I think the point about the fight is that what they both realize is that it's about justice for both of them. And they both believe in justice, and they both share that, and that's what brings them together, but they just have two versions of it, and that's life.
People always have different views. People's ethical, moral compasses are always slightly different, and so this is the brilliant moment where two men devoted to each other and love each other, but their views of what is just -- in this particular instance -- is very different. And their views of justice actually transcend their relationship. That's testament to them as men, and why they're such essentially good souls, is because they will put their principles and their version of justice above their friendship, which not many people would do.
Robson: But you also try and apologize, after the fight, in episode six, but there comes a point I go, "It's all right."
James: Whoah, whoah, whoah.
Robson: I know...But, I'm saying ... There is a point.
Don't tell me to shut up. Do you see what he does? Look at him tapping me. I'm old enough to be your father ... Which is one of the lines.
Jace: We'll talk about episode six, now. These two men seem lost without each other; they provide that compass that each one of them needs. Is that true?
Robson: Yeah, he is the moral compass not only for the village, but for Geordie as well, for everybody. If he's not doing well, the village isn't doing well.
James: And vice versa.
Robson: Yeah.

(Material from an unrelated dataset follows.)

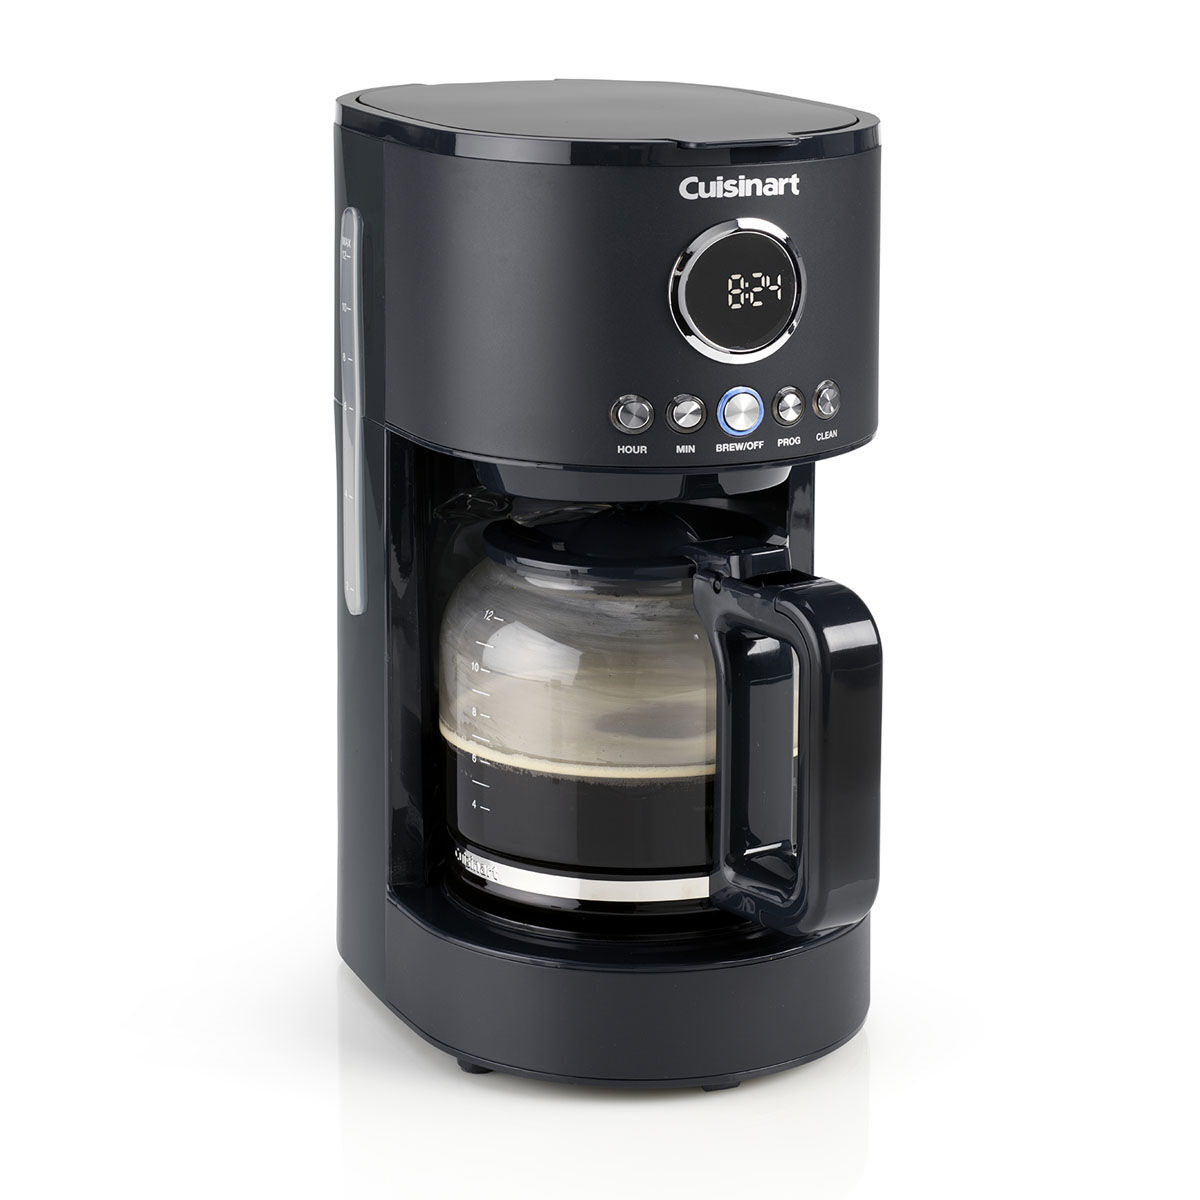 Black & Decker Dishwasher Safe Parts Filter Coffee Machines

But, I use the same thing. It's so true.
I support Newcastle United -- bear with me here with this analogy. I support Newcastle United. They're our temple. That's our church; that's where every Saturday to support this team. When they are not doing well, bad things happen in Newcastle. I kid you not.
But I use it because he stands for something that keeps everyone together. We all go to you. You are my Malcolm MacDonald; you're my Supermac. When Sidney's not in a good place, Geordie isn't in a good place, and neither is Mrs. McGuire or Al Weaver's character, Leonard, or Dickens, for that matter. The whole village, he's there, and without him and that kind of engine of the peace, it doesn't work. It simply doesn't work.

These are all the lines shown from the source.